If bisphenol A contamination has been shifting control animals to the right along the dose curve, then experimenters are less likely to have found the estrogenic effects they would have observed without the bisphenol A contamination.

This effect would be seen in experiments with compounds that share molecular mechanisms with bisphenol A, e.g., an ability to bind with the estrogen receptor.

What did they do? Howdeshell et al. put purified water in different types of cages at room temperature and neutral pH, let the water sit for one week, and then measured both the amount of BPA in the water using high pressure liquid chromatography and the estrogenicity of the water using a standard assay (the MCF-7 human breast cancer cell proliferation assay).

Cage types were new vs. old polycarbonate, new polysulfone, old polypropylene, and glass.
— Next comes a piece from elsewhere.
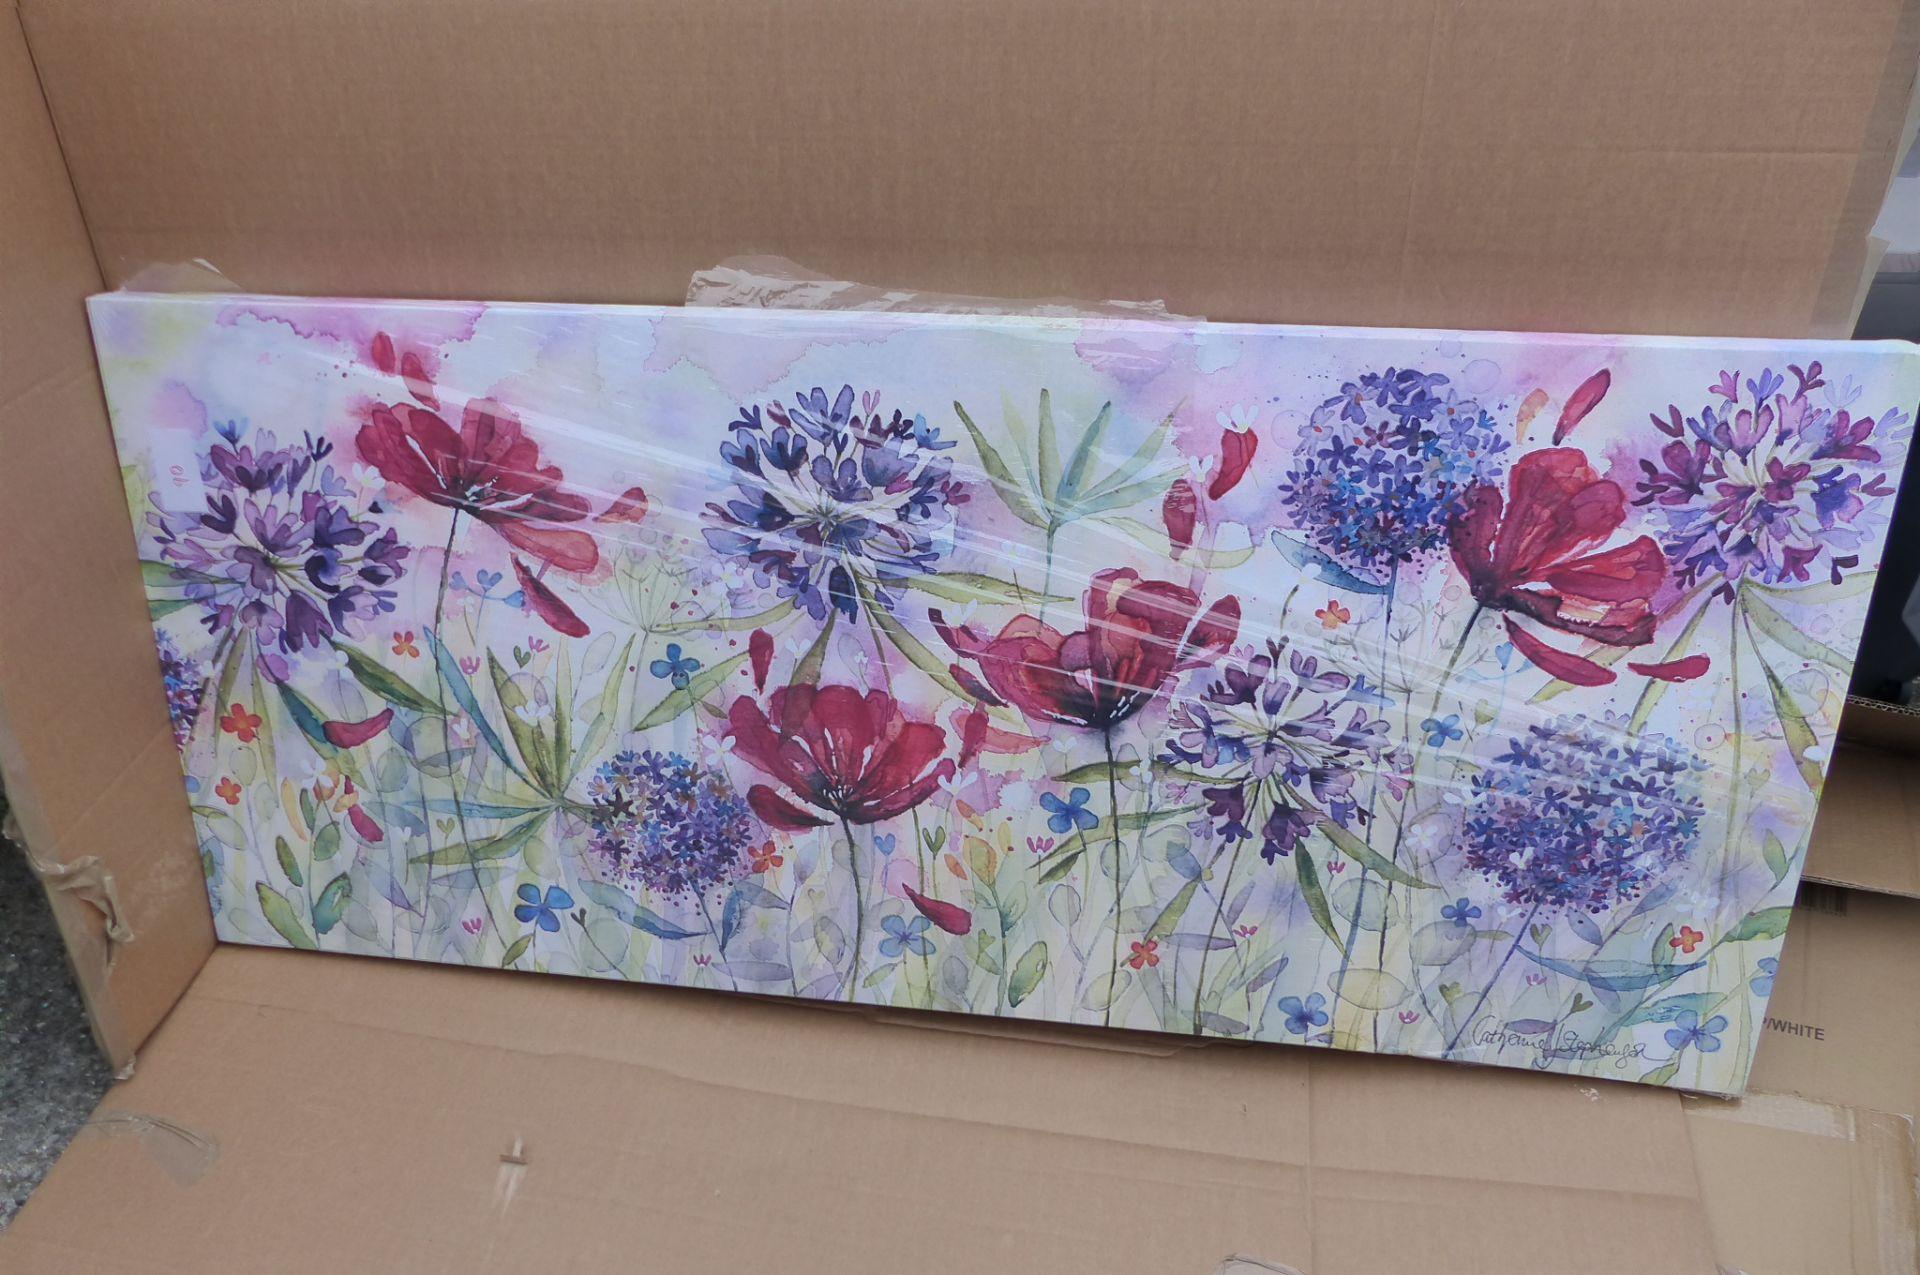 Catherine Stephenson - Blooming Summer Print, 135 x 60cm

Polycarbonate and polysulfone cages are made with bisphenol A. They also compared the uterine weight of mice reared shortly after weaning for one week in old polycarbonate vs. old polypropylene cages. Animals in polycarbonate cages drank water from old polycarbonate water bottles, while those in polypropylene drank water from glass bottles.

The cages were rinsed prior to the experiments to remove prior leaching, and were not scrubbed for the duration. Thus any accumulation was a result of passive leaching during the week of the experiment.
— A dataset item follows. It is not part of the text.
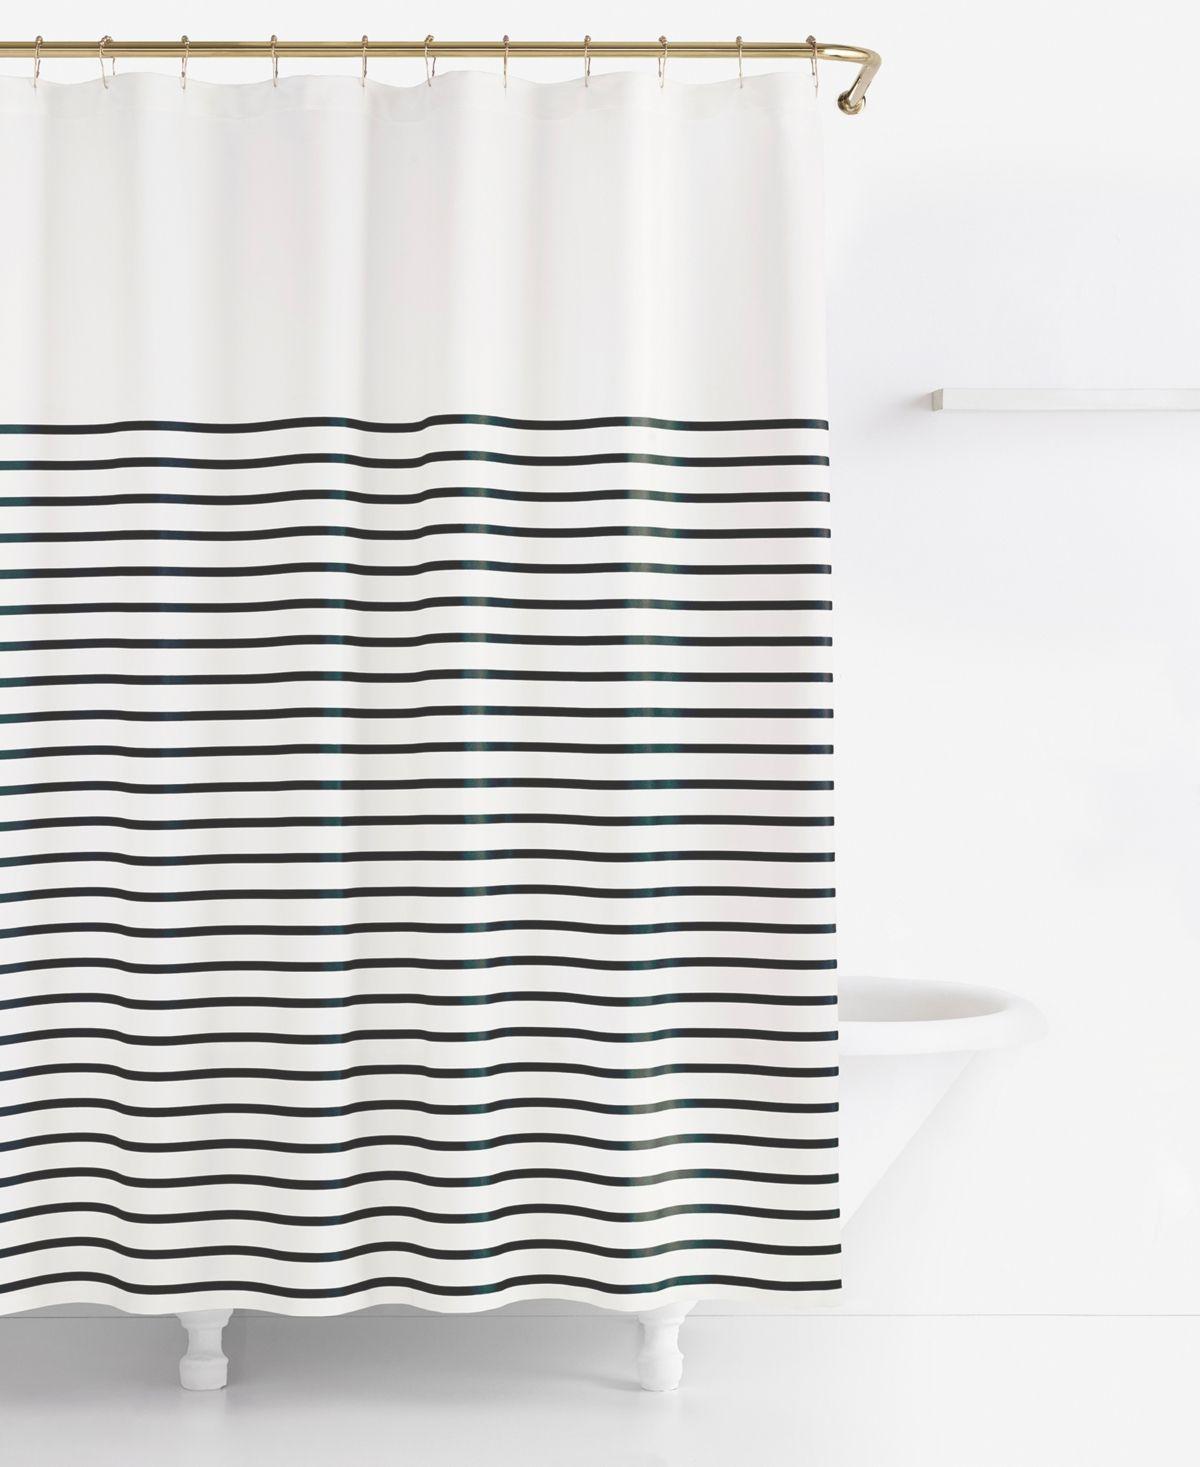 Kate Spade New York Harbour Stripe Shower Curtain Navy In 2020

What did they find? Old polycarbonate leached significantly more bisphenol A than any other type of cage. New polycarbonate and new polysulfone leached detectable amounts, approximately one-tenth or less that of the old polycarbonate. No bisphenol A was detectable in the water from the glass or polypropylene cages, although trace amounts of nonylphenol, another estrogenic substance, were measured in the latter.
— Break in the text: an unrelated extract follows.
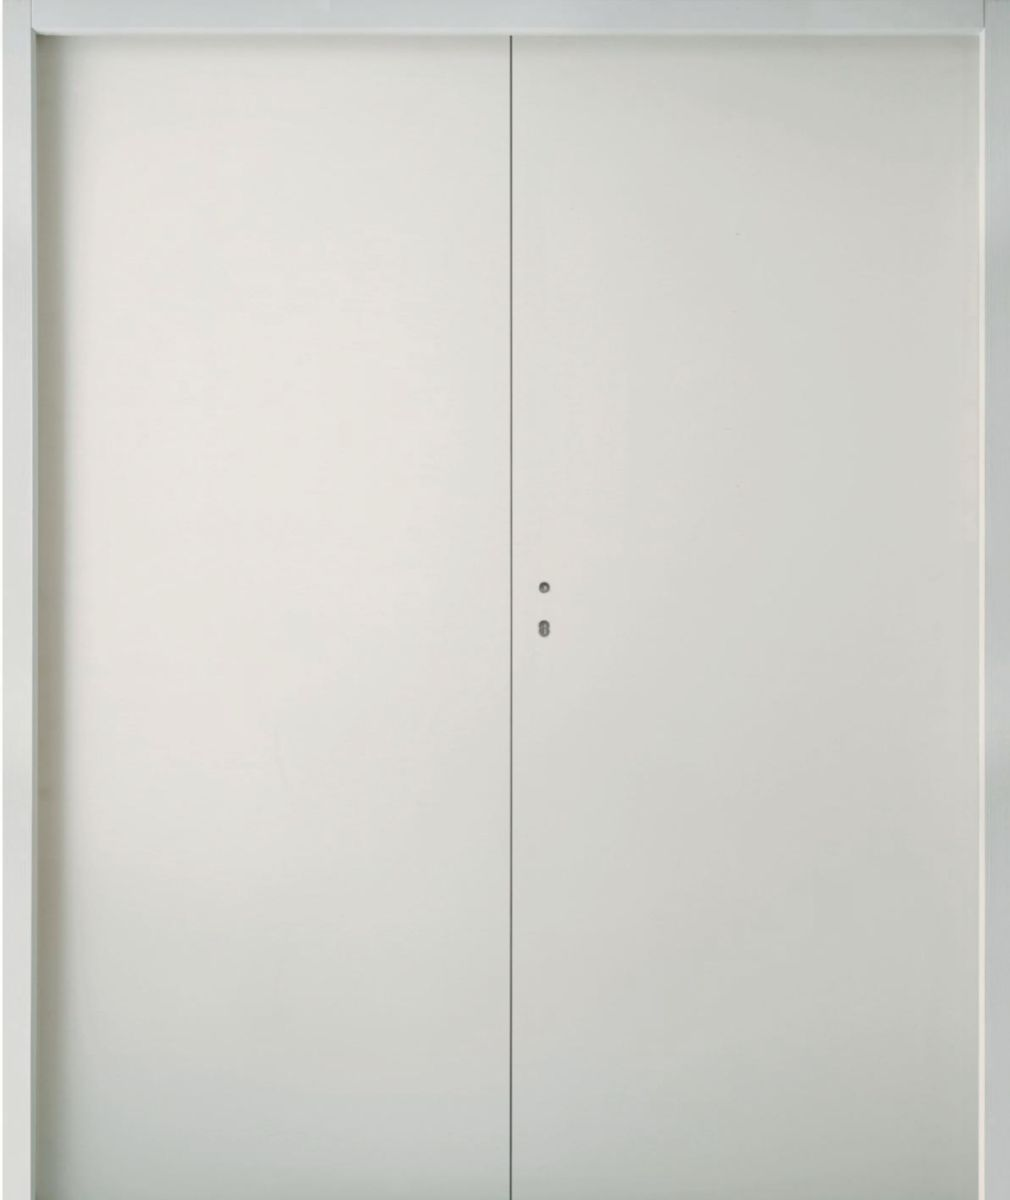 Bloc porte coupe feu 30 min ei30 huisserie perf 72 mm blanc jeld

In the MCF-7 assay, all water samples from old polycarbonate cages induced proliferation. By adding an anti-estrogen to these experiments, they were able to block the response, indicating it was caused by an estrogenic substance in the water. Additional chemical analysis strongly indicated that the estrogenicity was due to BPA.

Water from new polycarbonate and new polysulfone cages did not stimulate proliferation. Water from one of the old polypropylene cages, however, did produce a slight elevation in response, most likely because of the trace amounts of nonylphenol (noted above).

In the mouse experiments, "prepubertal uterine wet weight was approximately 16% heavier in females housed in the used polycarbonate caging with used polycarbonate water bottles relative to mice housed in used polypropylene cages, although the results were not statistically significant (P =0.31). The authors note, however, that uterine weight is not a very sensitive whole-animal assay for BPA exposure. Patterns of mammary duct development are approximately 4000 times more sensitive.

What does it mean? According to the authors: "Our findings here suggest that aquatic laboratory animals may be exposed to sufficient BPA due to leaching from worn polycarbonate caging to result in a significant impact on reproductive parameters. This prediction is based on a number of recent reports of significant effects at very low concentrations of BPA in frogs, fish and mollusks."

As to mammals like rats and mice, the cornerstones of regulatory toxicology, while the uterine results were not significant, it is likely other assays such as in utero effects on prostate weight or time to puberty would have yielded significant results, as these, like mammary duct development, are far more sensitive to BPA.

Howdeshell et al. also observe that polycarbonate is not the only source of bisphenol A in the laboratory: "BPA migration into human serum has been reported with the use of polycarbonate and polysulfone plastic hemodialysis equipment. Another potential route of BPA exposure in the laboratory is polyvinyl chloride (PVC) pipes used in the supply of tap water; BPA is added as a stabilizer in the production of PVC products.

They recommend that researchers be aware of the potential confounding effects of BPA contamination and take extra measures to minimize this possibility, including filtering water.

The key question, which they do not even begin to address, is how many negative results now pervade the scientific and regulatory literature because of BPA leaching from laboratory equipment. Their findings make this a strong possibility.